## [Data block]
[Start of section]
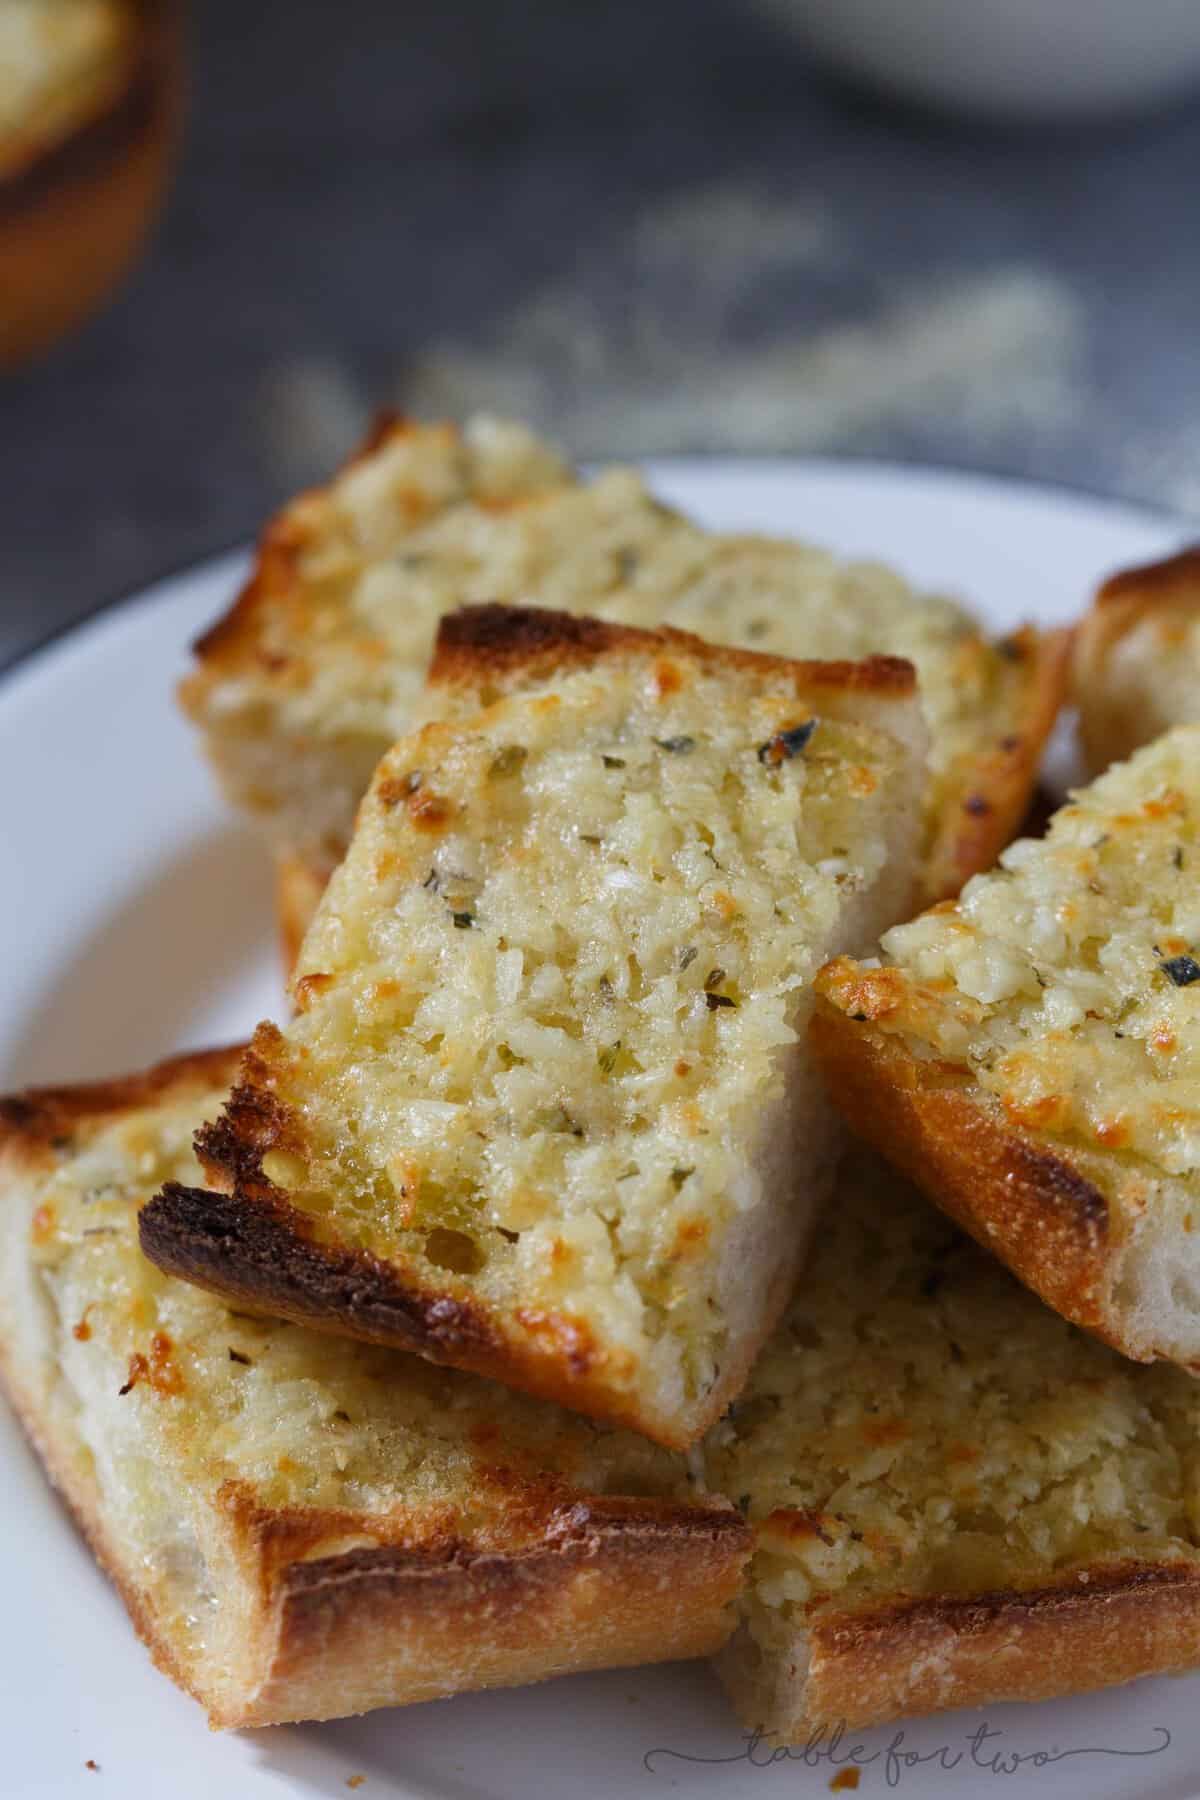 The title of this recipe says it all. Kiss me if you dare because after noshing on this extra garlicky and cheesy bread, you're probably going to second guess it. However, eating this bread is 100% worth the garlicky breath.
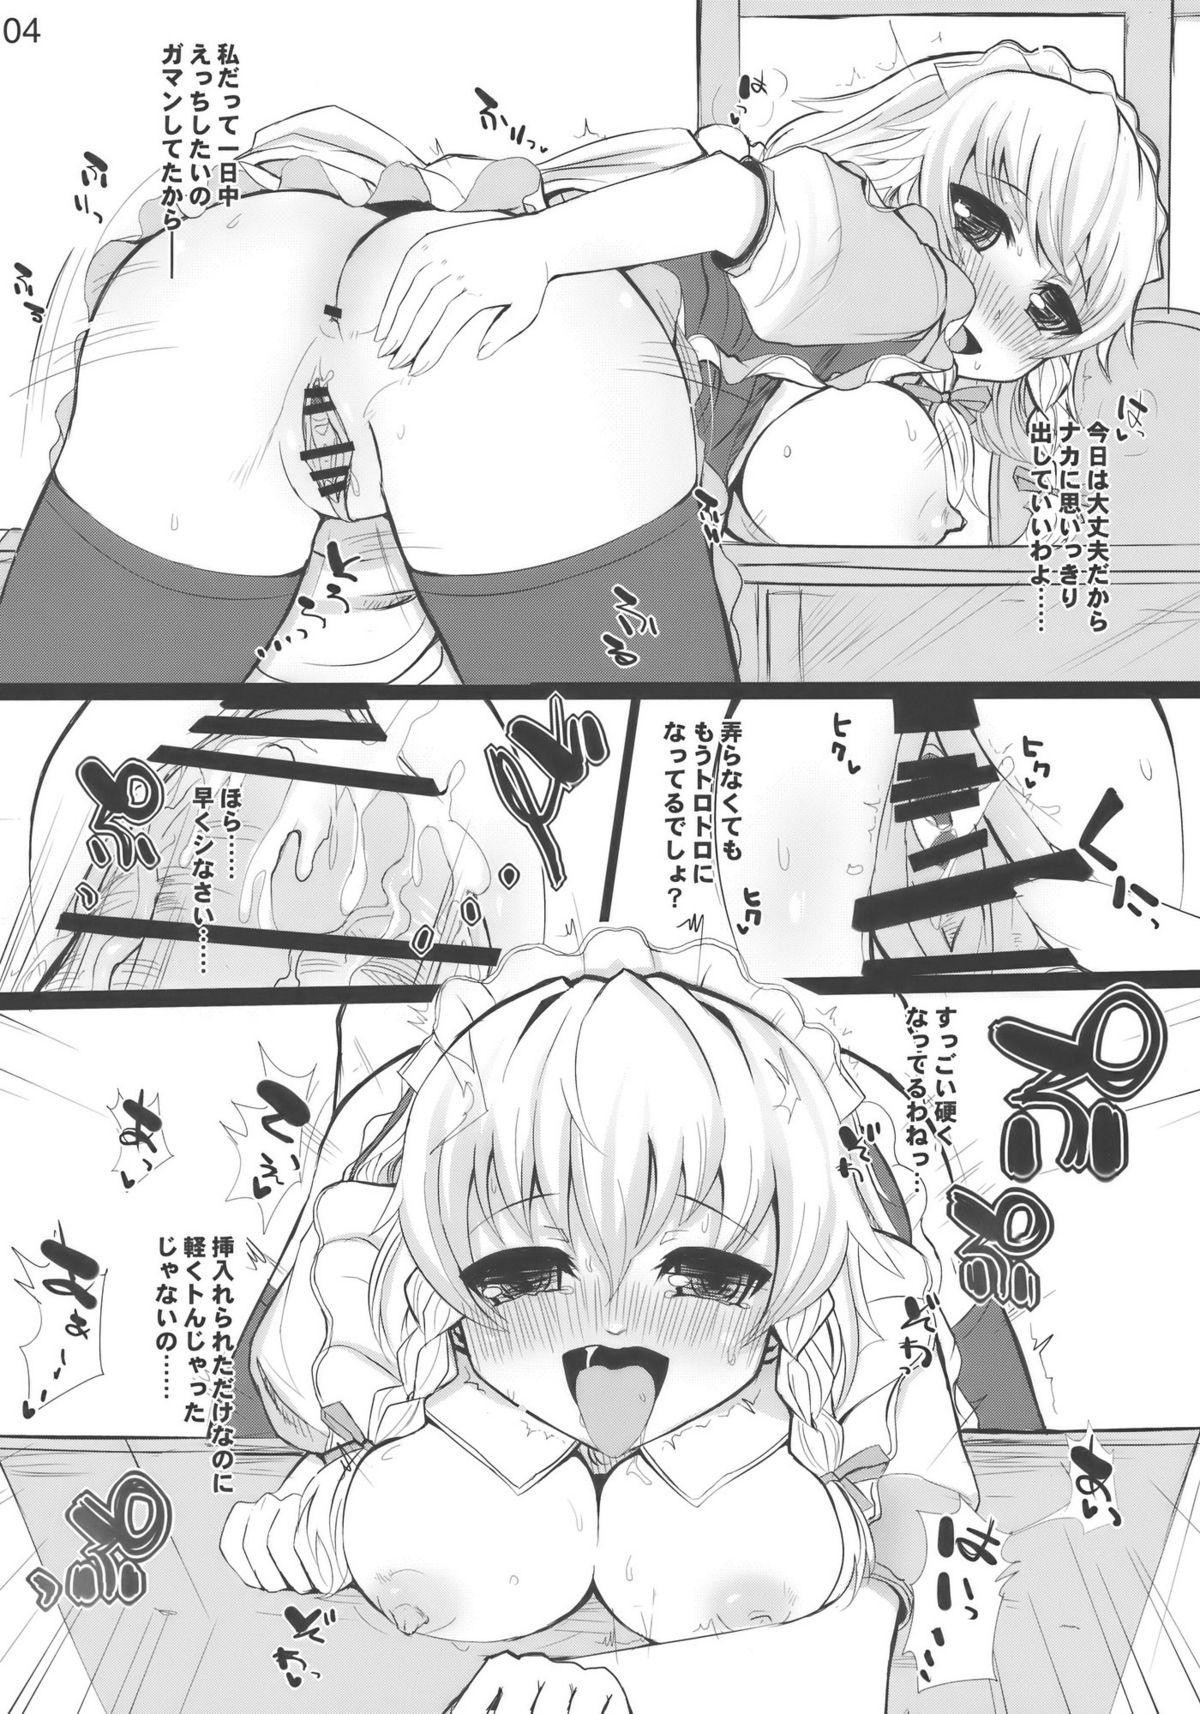 Money Talks Feed me with your Kiss - Touhou project Housewife - Page 4
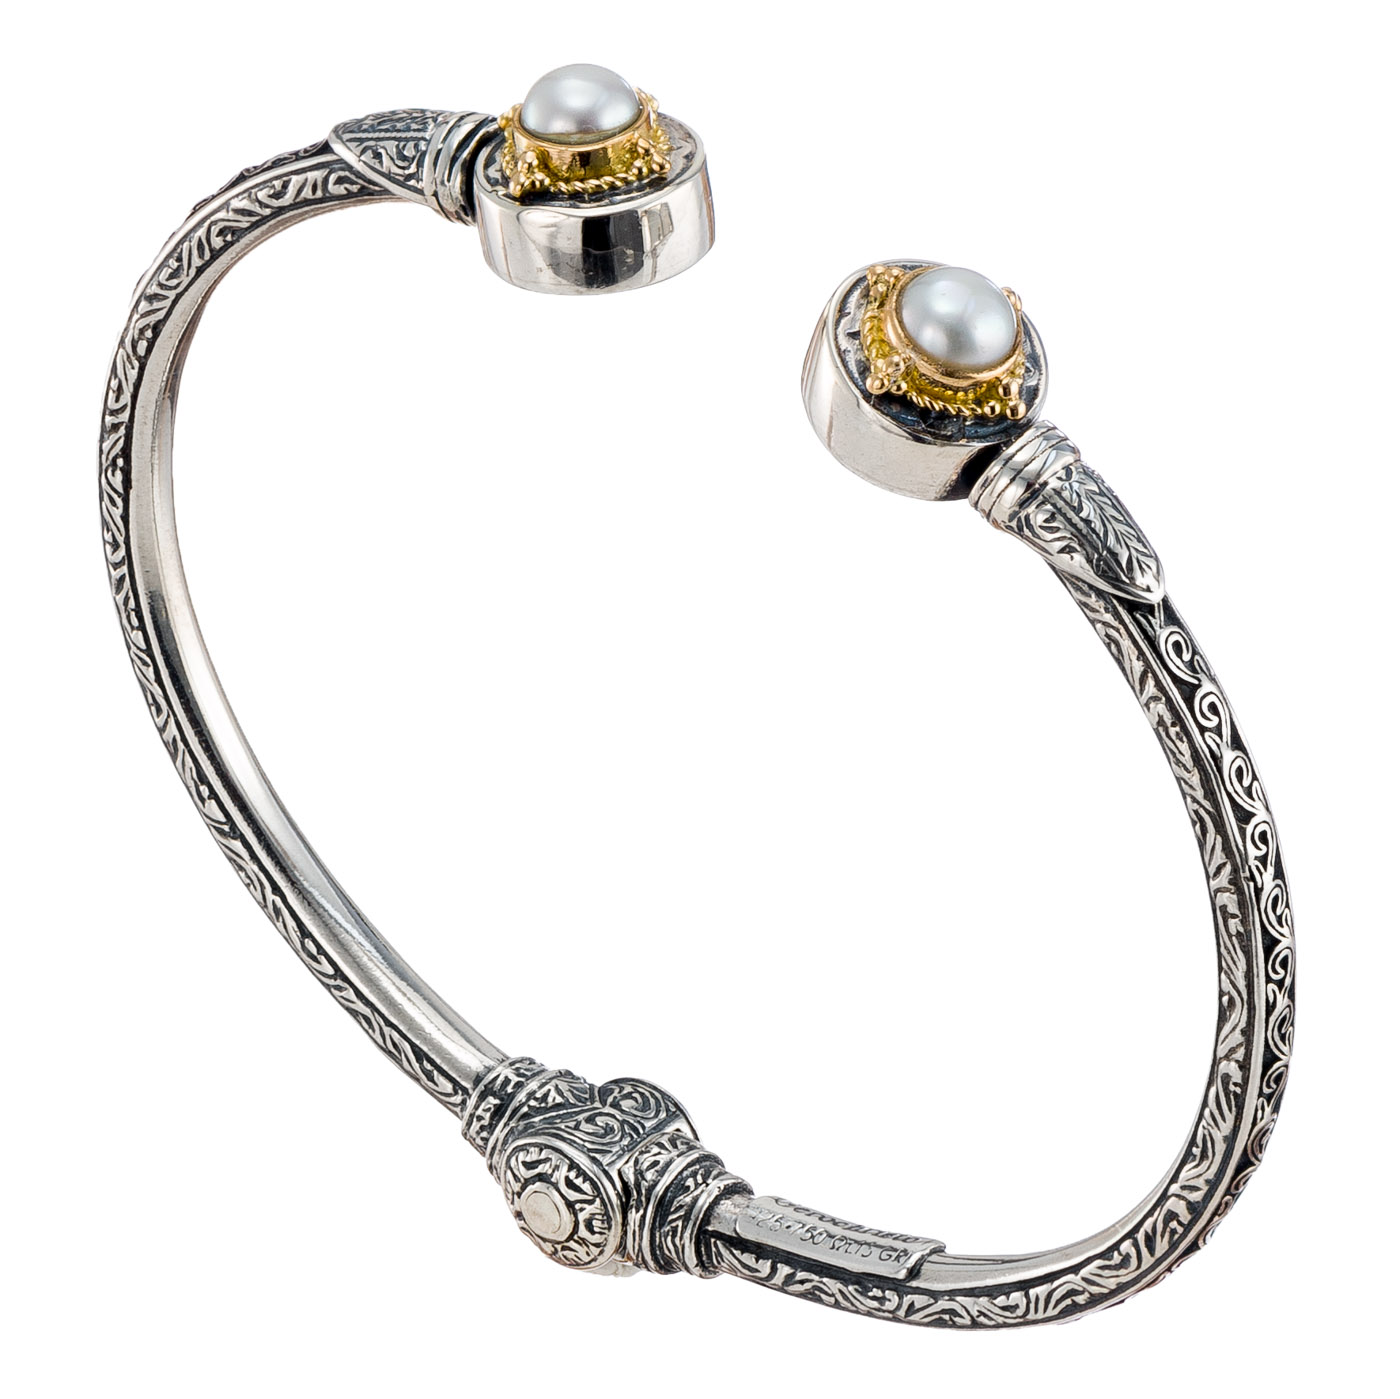 Cyclades round bracelet in 18K Gold and Sterling silver
[End of section]
## [Assignment]
Each line from the one containing "Money Talks Feed" through the last line of the listing must be copied exactly, and the pictures must not be.

## [Result below]
 Money Talks Feed me with your Kiss - Touhou project Housewife - Page 4
 Cyclades round bracelet in 18K Gold and Sterling silver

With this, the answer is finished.